Fixture numbering starts at 029 (the most recent llm-provider fixture is 028).
Alternatives considered¶
Don't spec tool_choice; rely on provider-specific extras¶
Rejected. This is the status-quo path — each provider implementation exposes its own mechanism (a kwarg, an extras dict, etc.) for the caller to set the underlying wire field. Loses cross-language consistency (Python's mechanism differs from TypeScript's), loses the ability to validate at the framework layer (each impl re-implements the same validation logic), and breaks the cross-provider portability promise — a pipeline written against the abstract Provider interface can't pin tool-calling behavior without reaching through to a provider-specific surface.
Add tool_choice after the §8.2 Anthropic / §8.3 Gemini follow-ons land¶
Rejected per the Motivation sequencing argument. Retrofitting three §8.X subsections in
lockstep is more error-prone than adding one parameter to complete() before two of them
exist.

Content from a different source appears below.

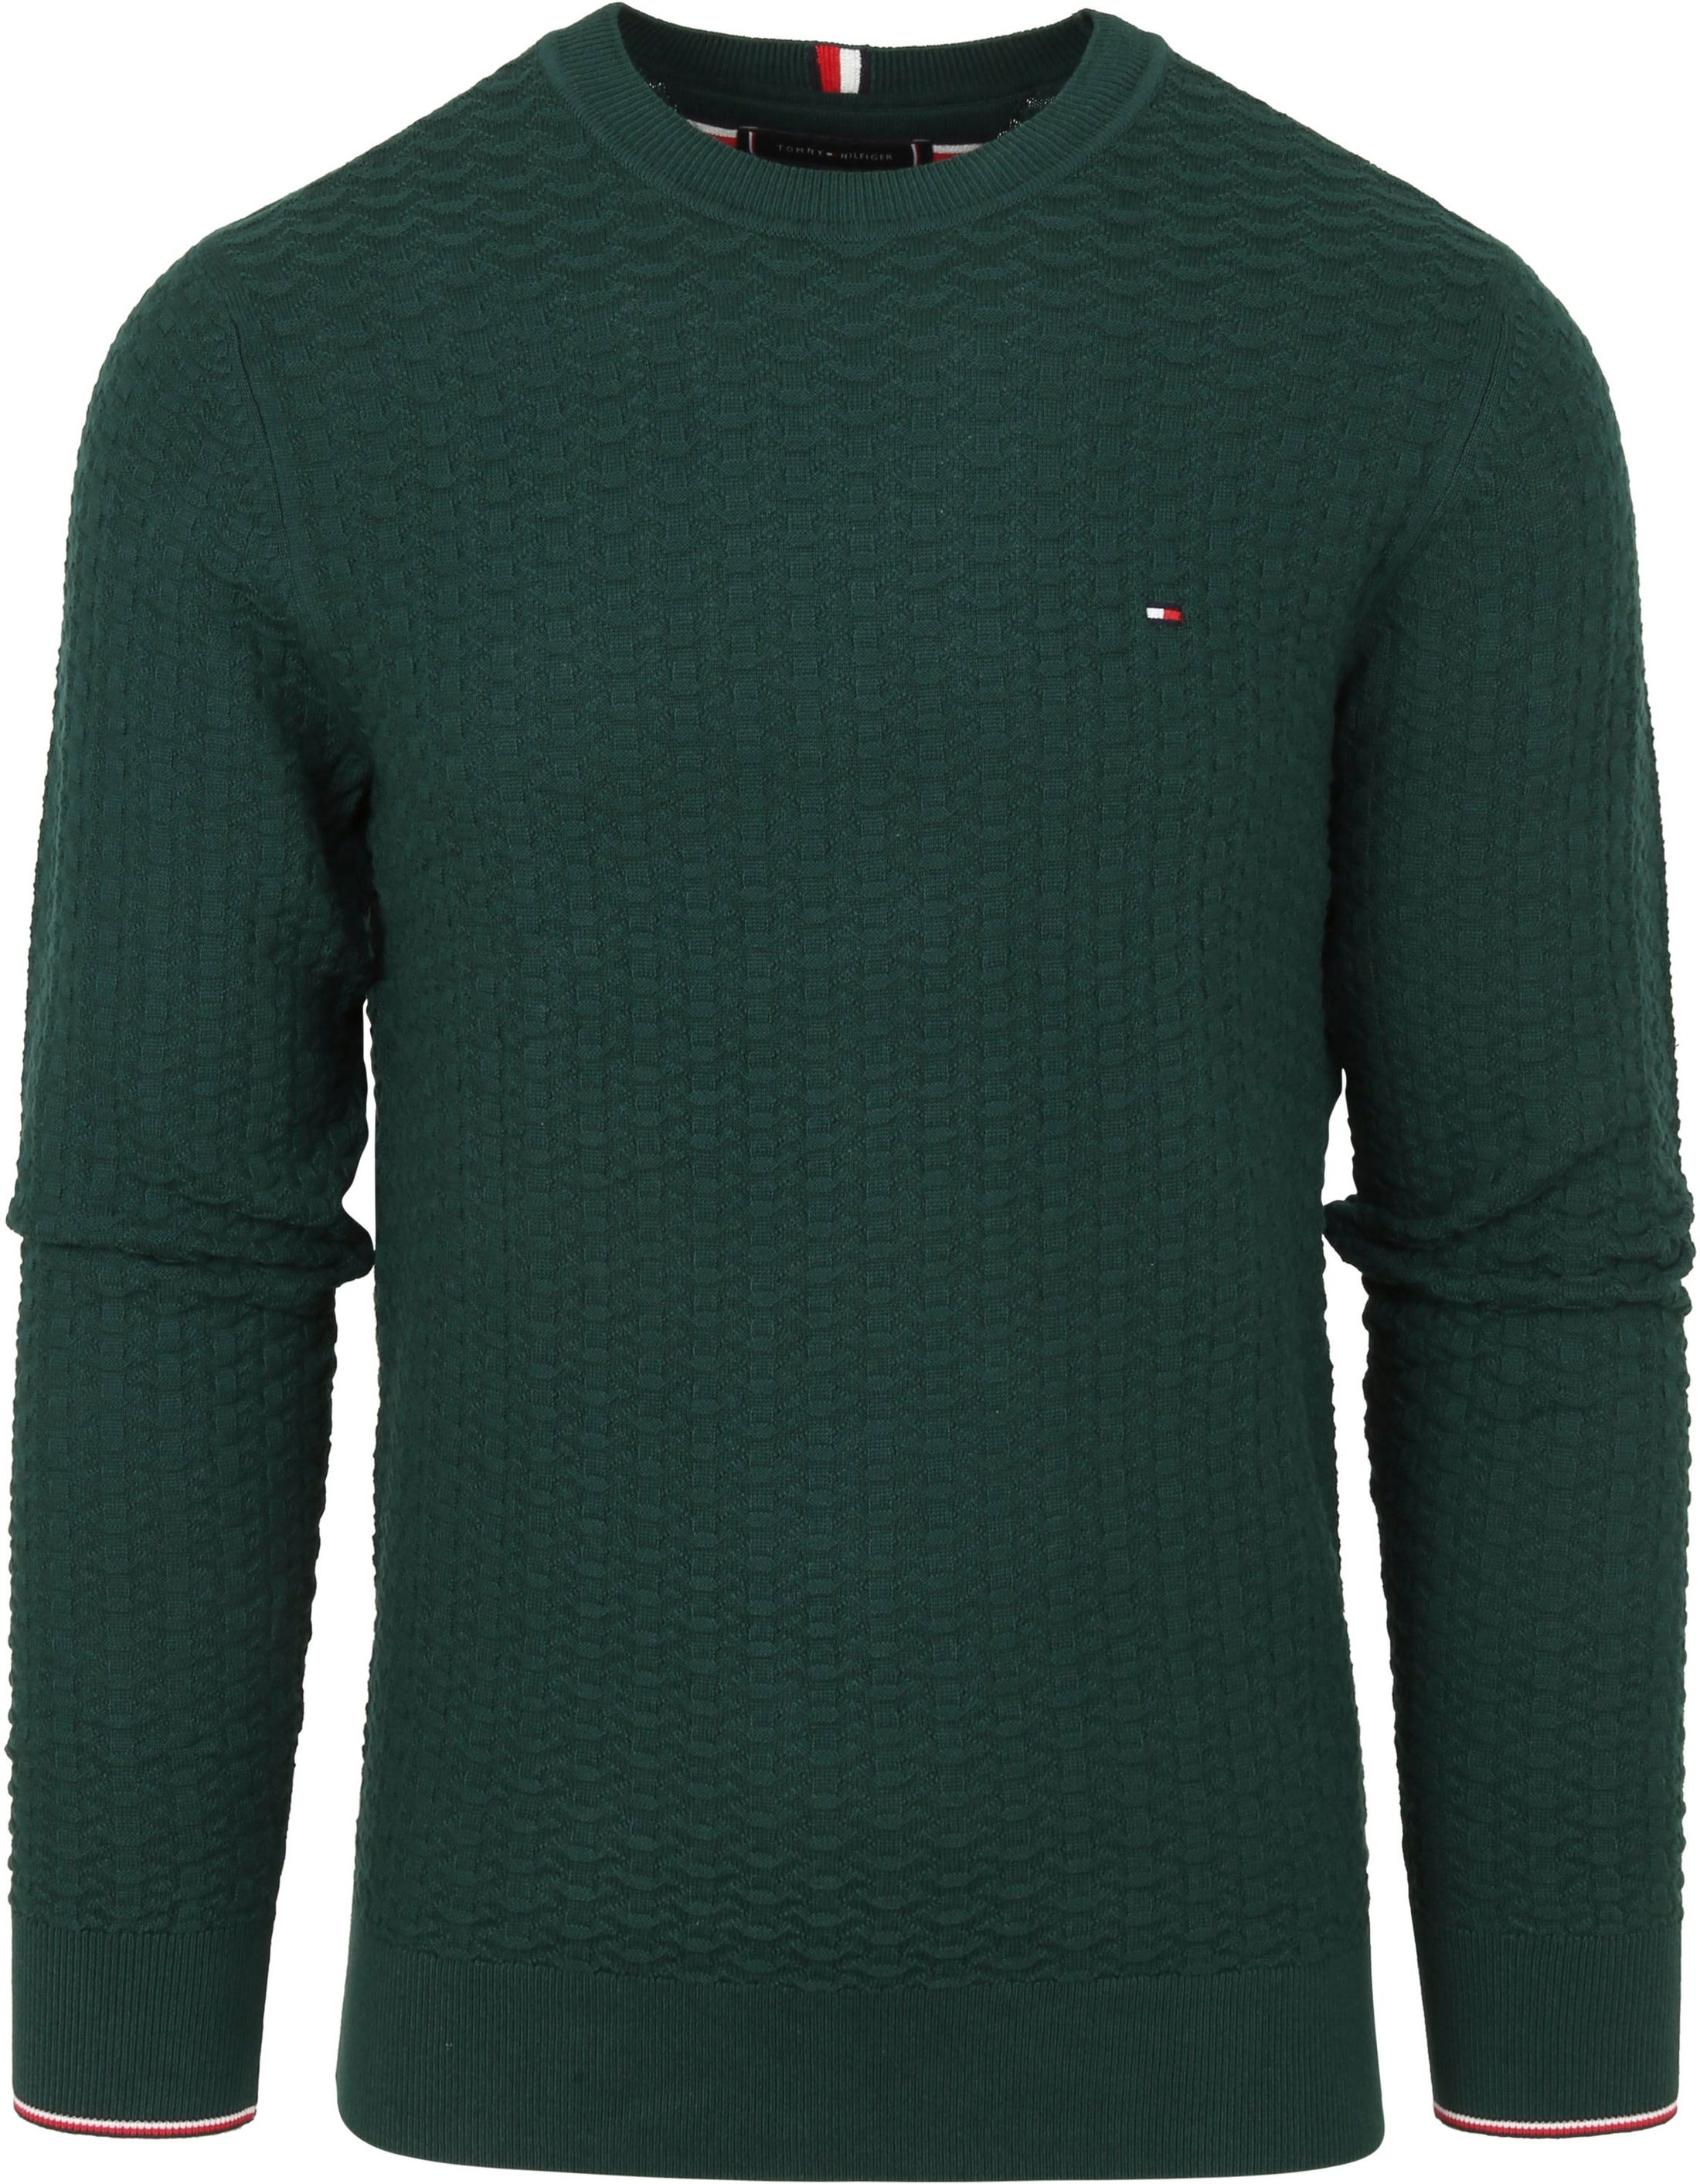 Tommy Hilfiger Structural Sweater Dark Dark Green Green size L

The marginal cost of adding tool_choice now is small (one parameter, four
discriminated-union variants, three validation rules); the cost of retrofitting later
compounds with each provider already in spec.
Surface a tool_choice_honored flag on Response¶
Rejected. A normalized "did the model honor the constraint" field would require post-hoc
validation against finish_reason / tool_calls, which is observable from those fields
directly. Adding a redundant flag conflates framework-policed contract (which tool_choice
isn't) with provider-quality observation (which is the caller's concern). The §6
transparency principle (surface what the provider returned without re-deriving) argues
against the flag.
Multiple force-specific tools ({type: "tool", names: [X, Y]})¶
Rejected. Allowing multiple forced tools (model must call any one of X or Y) is a plausible-but-unwarranted generalization. None of the three target providers (OpenAI, Anthropic, Gemini) support multi-tool forced-choice on the wire as of 2026-05. A follow-on MAY add it if providers converge on a shape, but the single-tool variant covers the load-bearing use case (routing-node-style guards) and matches existing provider surfaces.
A separate force_tool(name) helper instead of a discriminated union¶
Rejected. A helper-style API (complete(..., force_tool="search")) reads ergonomically for
the force-specific case but doesn't compose with the other three modes. The discriminated
union covers all four modes uniformly and the per-language ergonomics layer can still wrap
common cases (e.g., a Python complete(..., tool_choice=force_tool("search")) helper that
constructs the record).
Open questions¶
None at this time. The two questions raised during drafting (force-specific
shape: discriminated-union vs flat; interaction with finish_reason: "error"
responses) were resolved during pre-PR review — the discriminated-union shape
is kept for extensibility, and the "constraint applies to the request; the
response is what the provider sent regardless" framing is the proposal's
position without need of an explicit response-side clause.